Senin, November 29, 2021
Afrika

Mendagri Libya selamat dari upaya pembunuhan

TURKINESIA.NET – TRIPOLI. Menteri Dalam Negeri Libya Fathi Bashagha pada hari Minggu selamat dari upaya pembunuhan.

Konvoi Fathi Bashagha “ditembakkan dari mobil lapis baja saat dia berada di jalan raya” dekat ibu kota Tripoli, kata seorang anggota lingkaran dalam Pemerintah Kesepakatan Nasional (GNA) yang sah.

“Pengawalan polisinya membalas tembakan. Dua penyerang ditangkap,” tambah sumber itu seperti dikutip Agence French-Presse (AFP).

Menurut sumber yang sama, tersangka ketiga yang diidentifikasi sebagai Radwan Al-Hangari meninggal di rumah sakit. Sumber itu juga menyebut bahwa tiga penyerang berasal dari Zawiya, 50 kilometer (30 mil) barat Tripoli.

Seorang pejabat kementerian dalam negeri mengkonfirmasi bahwa Bashagha tidak terluka.
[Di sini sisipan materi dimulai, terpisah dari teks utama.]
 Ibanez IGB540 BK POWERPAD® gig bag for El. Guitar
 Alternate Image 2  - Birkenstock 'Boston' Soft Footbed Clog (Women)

Dalam sebuah pernyataan, Kemendagri Libya mengatakan Bashagha telah menjadi sasaran dalam “upaya pembunuhan ketika dia kembali dari kediamannya di Janzur.”

Dikatakan bahwa para penyerang menggunakan truk lapis baja Toyota yang dilengkapi dengan senapan mesin.

Pasukan keamanan menanggapi dan menangkap para militan, tetapi seorang pengawal terluka dalam serangan itu, tambahnya.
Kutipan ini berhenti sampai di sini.